Karnessia is a true leader who inspires all around her with the gentle force of her integrity and intellect. In high school, Karnessia co-founded an organization called “Girls’ Country” with the purpose of providing a nonjudgmental environment for young women to discuss issues of gender, race, and self-esteem. At Yale, Karnessia has continued her quest to break down the superficial barriers that divide people. She has served as a Cultural Connections counselor, a communication and consent educator, and an event coordinator at the Af-Am Center. Her documentary film series “Now, In Color,” which profiles several African-American students on campus, was recently featured in Teen Vogue. Karnessia is currently an economics major who intends to use her practical knowledge of markets and the origins of inequality as the basis of a lifetime devoted to teaching and advocating for a more just and inclusive world.
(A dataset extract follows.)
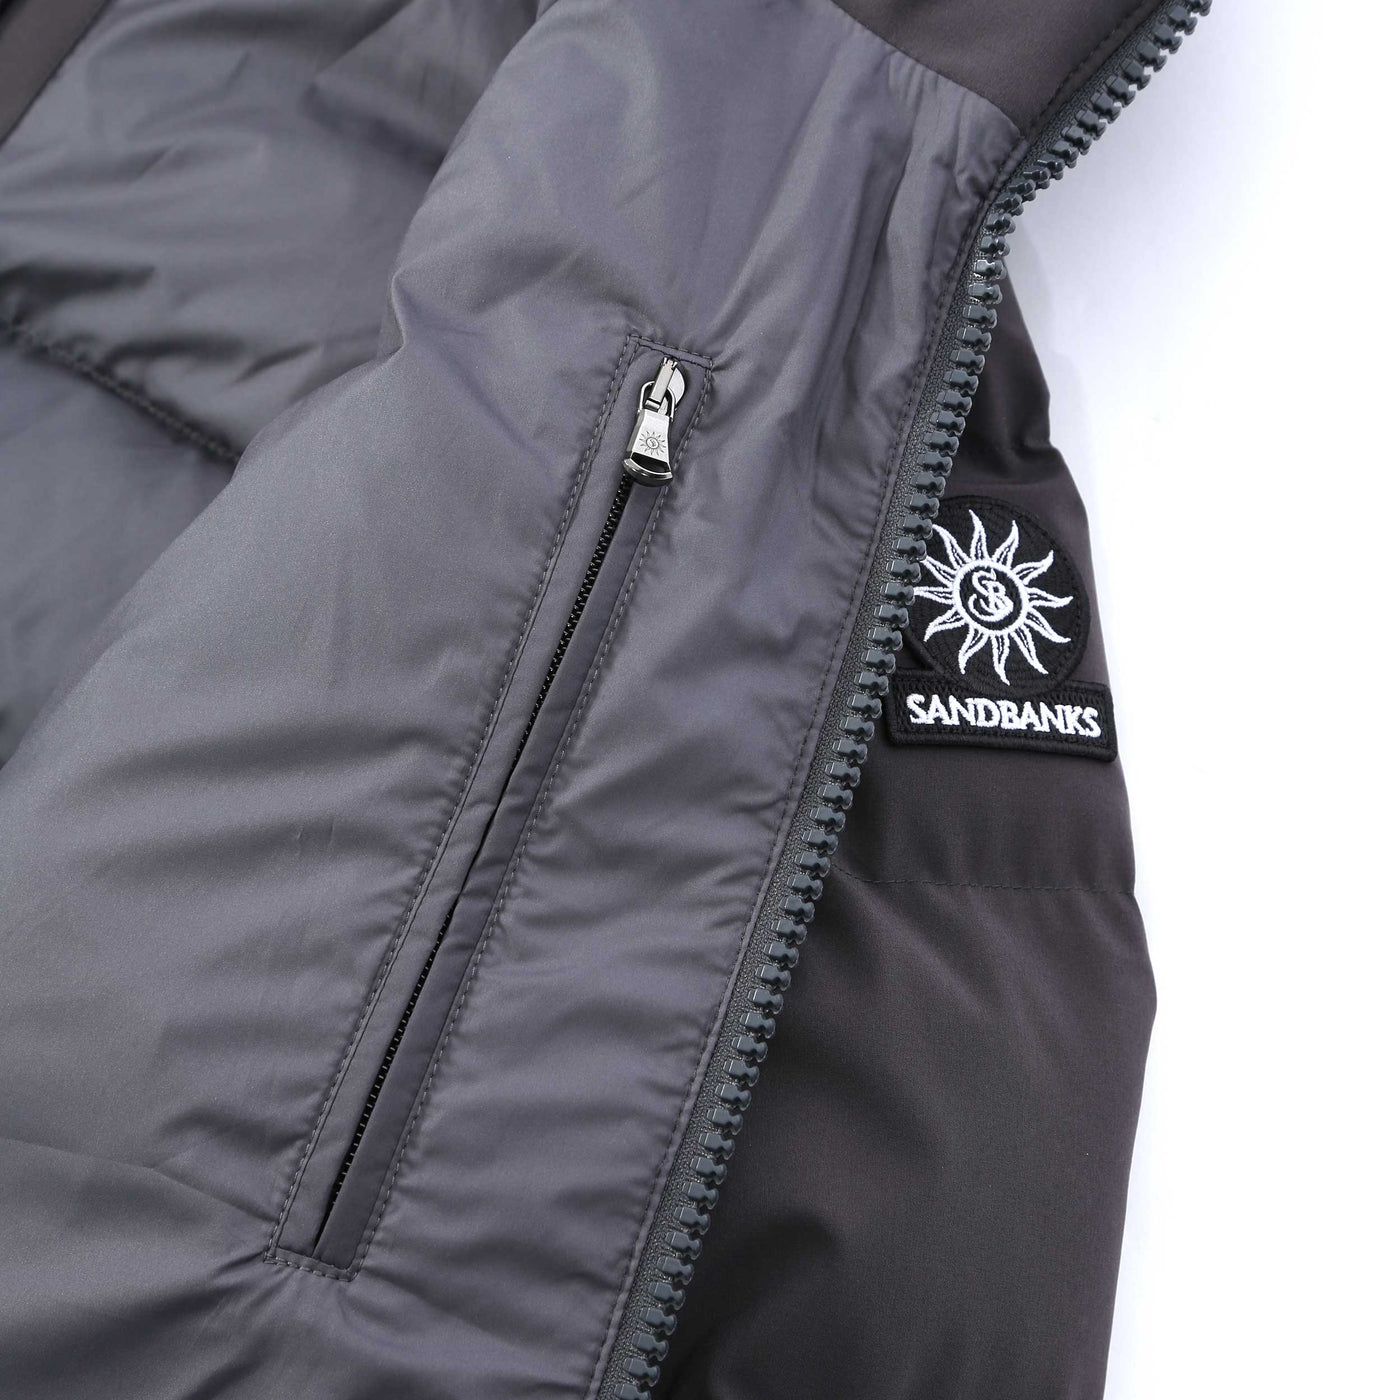 Sandbanks Banks Puffer Jacket in Charcoal Inside Pocket

Valentina Guerrero, Pierson College

Valentina epitomizes the spirit of altruism and social service, the qualities recognized by the John C. Schroeder Award. An American studies major with a concentration in politics and American communities, she has served as a clinical intern and as research assistant to the director of the Harvard Law School Immigration and Refugee Clinical Program; as a legal interpreter for the Yale Law School Worker and Immigrant Rights Advocacy Clinic; and as a policy research intern for the Civil Rights Center of the United States Department of Labor. In addition to being selected as a head aide and a 2018–2019 first-year counselor in Pierson College, she has also a head outreach fellow at the Dwight Hall Center for Public Service and Social Justice; as a harvest leader for the Yale Sustainable Food Program; as founder of the Yale Chapter of the Student/Farmworker Alliance; as Membership Chair in Latina Women at Yale; as founder and president of the Yale Latinx Pre-Law Society; as a Student Advisory Board member for the Yale Center for Race, Indigeneity, and Transnational Migration; and as a member on the President’s Committee on Racial/Ethnic Harassment. Add to all this her involvement in local faith communities and charitable work and it becomes clear that Valentina has already made a deep imprint on Pierson, Yale, New Haven, and the world. Because of her indefatigable labor for the cause of justice, Valentina is an eminently worthy recipient of the Schroeder Award.

Emily Chu, Pauli Murray College

Emily has worked tirelessly in the service of Pauli Murray College. A mechanical engineering major and devoted mentor to a local high school robotics team, Emily has been indispensable in the college’s first year. After orchestrating Pauli Murray's move-in (complete with color-coordinated name tags and fun playlist), she has gone on to lead intramurals and SAC and is ubiquitous as an aide, working the office and events. Other students have affectionately called her “Human Duct Tape” — the all-purpose solution to any problem you could possibly have — but she is really our “Human Glue,” the connection for so much of our community.